The remaining conflicts, along with the full cell mappings, three notebook versions, and auto-resolve results, are packed into a UnifiedConflict and handed to WebConflictPanel. The panel opens the browser to a session URL containing a one-time auth token. Once the WebSocket handshake completes, the server sends the payload as a conflict-data message.

On the client side, buildMergeRowsFromSemantic transforms the conflict data into a list, MergeRow[], the model that drives the virtualised list. Each MergeRow element (row) is either identical (no conflict, rendered as context) or conflict (rendered with branch-selection buttons).

  • exceptions to the conflict parsing are listed above in step 4.

7. Resolution and writeback

When the user clicks Apply, the client collects the end Zustand store state into ResolvedRow[] and sends a resolve message over WebSocket. Each ResolvedRow carries the user's branch choice, the (possibly hand-edited) resolved source text, and the original cell indices for reliable lookup.
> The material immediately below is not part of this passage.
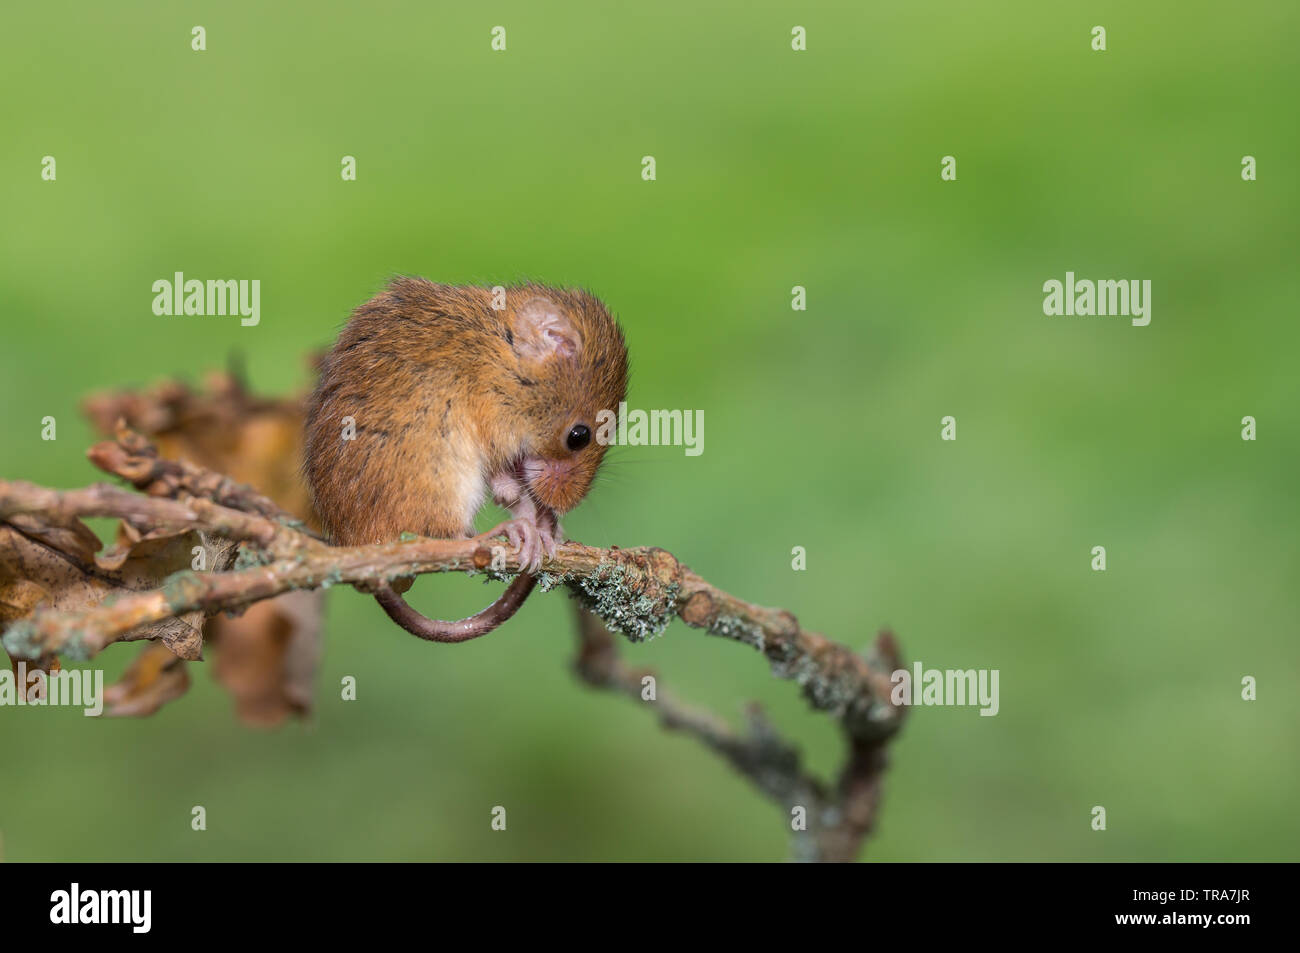 The harvest mouse is a small rodent native to Europe and Asia. It is typically found in fields of cereal crops Stock Photo

Back in the VS Code extension, buildResolvedNotebookFromRows reconstructs the notebook:

  1. For each resolved row, deep-clone the reference cell from the chosen branch, replace its source with the user's edited text, and optionally strip outputs.
  2. For non-conflict rows, apply the three-way rule (selectNonConflictMergedCell): if only one side diverged from base, take that side.
    • The three-way rule is applied both during conflict detection and writeback to handle cases where row shapes change during user interaction.
  3. Merge notebook-level metadata key by key using the same three-way logic, with kernel metadata optionally pinned to the current branch.
  4. Optionally renumber execution counts sequentially.

The reconstructed notebook is serialized to JSON, written to disk via vscode.workspace.fs.writeFile, and optionally staged with git add.